The other aspect that’s really striking me differently in returning to a D&D game is death. If you’ve not played with pens and papers, you may be surprised (as I was) to learn that death is just that. Characters that don’t make it out of an encounter are gone, forever. I imagine at later levels, with the right character, there may be magic users who can bring people back with a fortuitous dice roll, but in the main, all that investment and character development vanishes. The DM can then of course write in a new character for that player, allow you – the person – to still be involved in your ongoing story, but gosh, the consequences of an unfortunate moment are pretty dramatic. And of course, not so in CRPGs. Because, more than anything, you can save – if all goes badly, or you regret a choice, you can rewind time to the moment you choose. And even without that, the only way to actually die in battle is for your entire party to go down at once. A lot is put in place to ensure you get to keep on winning, because here the purpose is to keep turning the pages of a pre-written book.

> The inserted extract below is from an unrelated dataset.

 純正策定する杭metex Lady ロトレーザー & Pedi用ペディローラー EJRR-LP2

Of course, what’s truly magical about cardboard and counters is the genuine freedom. Gaming strives to create increasingly open worlds, and attempt to offer emergent experiences, but it will never come anywhere close to the extraordinary pleasure of being able to do absolutely anything. It’s always with some measure of guilt that Graham, Marsh and I realise that we’re deciding to do something that’s not what Jim had in mind, not what he’d have prepared for. But he’s really rather good at his job, and improvises on the fly with such aplomb that it’s often not until we’re packing up at the end that we’ll learn it was entirely made up on the spot. We can also have brilliant ideas never conceived by the storyteller, or come up with ridiculous ways to get ourselves out of a pickle. (“THANK GOODNESS YOU’RE HERE!” has become a running joke in our game, but it’s also gotten us out of some tricky fights.) The time we attempted to throw our halfling across a hole tied to a rope and nearly got him killed, before remembering our warlock has a teleport spell does rather stand out.

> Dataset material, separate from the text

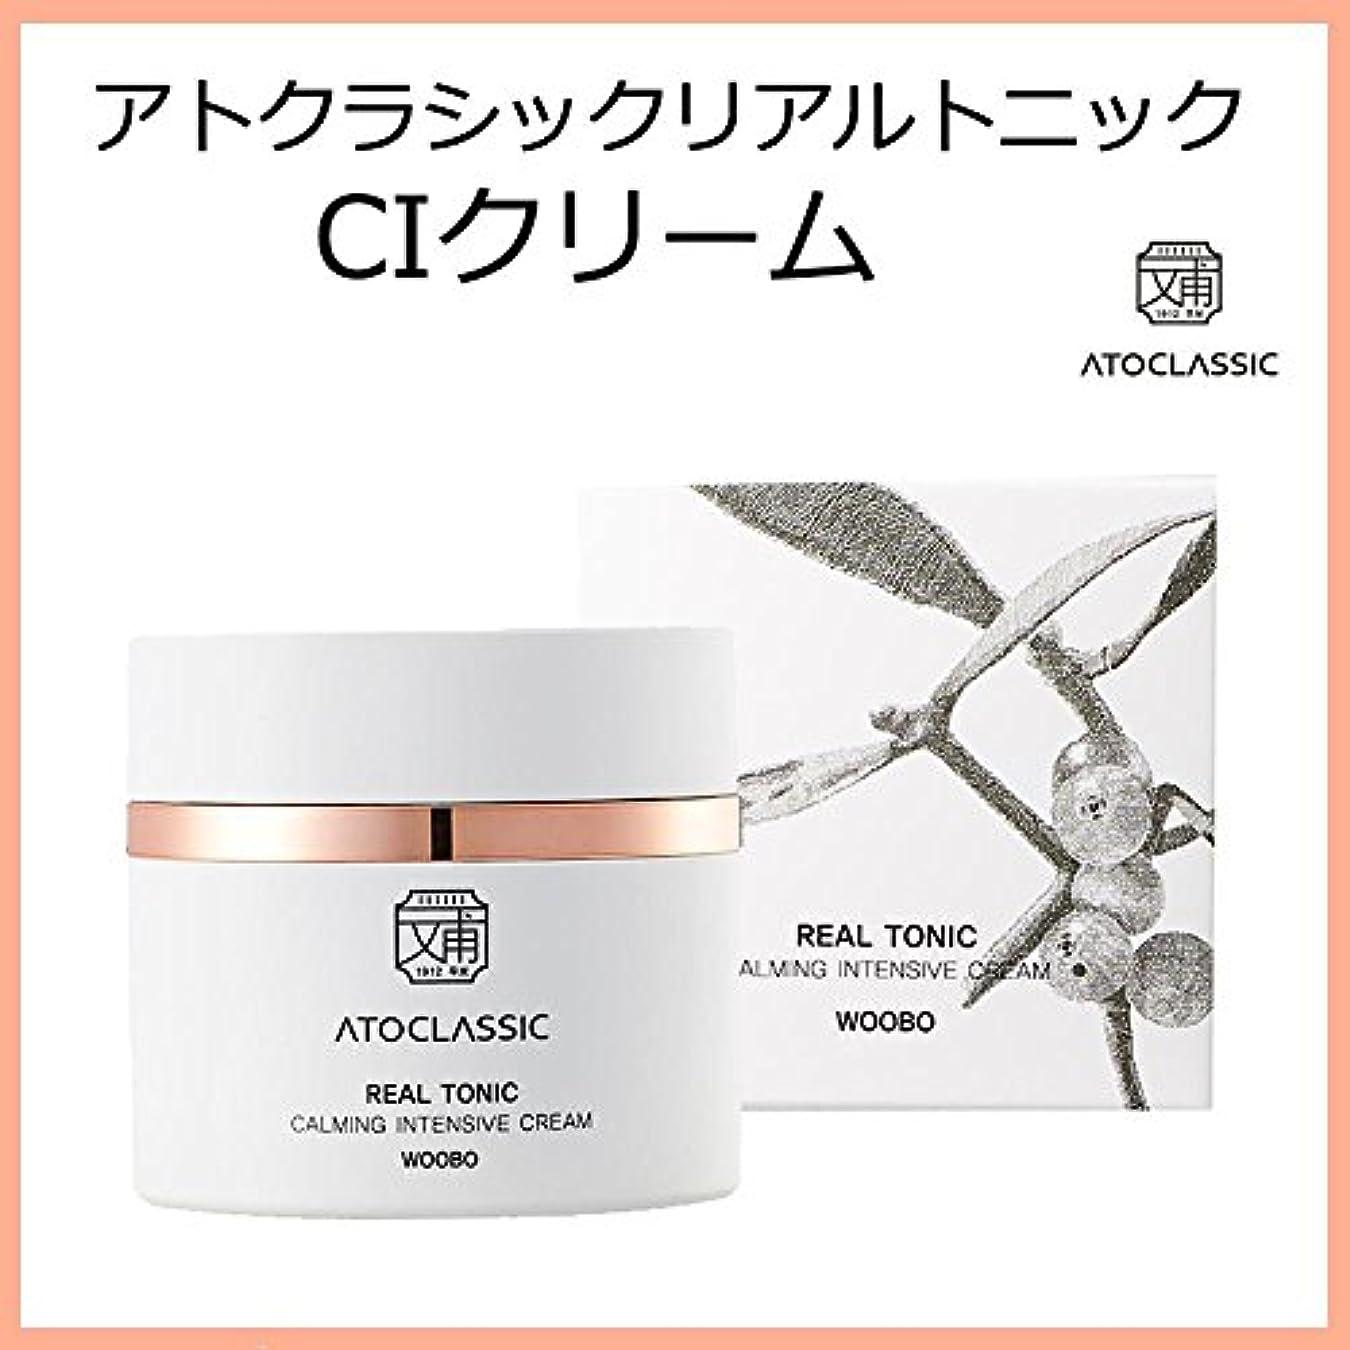 入るディレイピーク韓国コスメ ATOCLASSIC アトクラシックリアルトニック CIクリーム(Calming Intensive Cream) 50ml

So, as someone who has always madly delighted in the fixed storytelling nature of RPGs like NWN2, it’s odd to approach the game somewhat missing the deviations. I’ve long argued, and will continue to argue, that linearity is to be cherished when being told a great story. But it’s interesting to sort of not want it, a bit, maybe. Of course, NWN2 comes with the options to create your own games with friends, DM them, etc – but it’s perhaps a little late in the day to convince people to fight through this archaic tech. I do find myself really rather looking forward to Sword Coast Legends, and seeing what we can do with it.
I’m really enjoying how having played so many RPGs on my PC is a helpful aid when approaching our table-top game, and even more how the paperwork and D20s are impacting how I’m approaching CRPGs. I do suspect, however, that in the end it’s going to make NWN2 slightly more frustrating.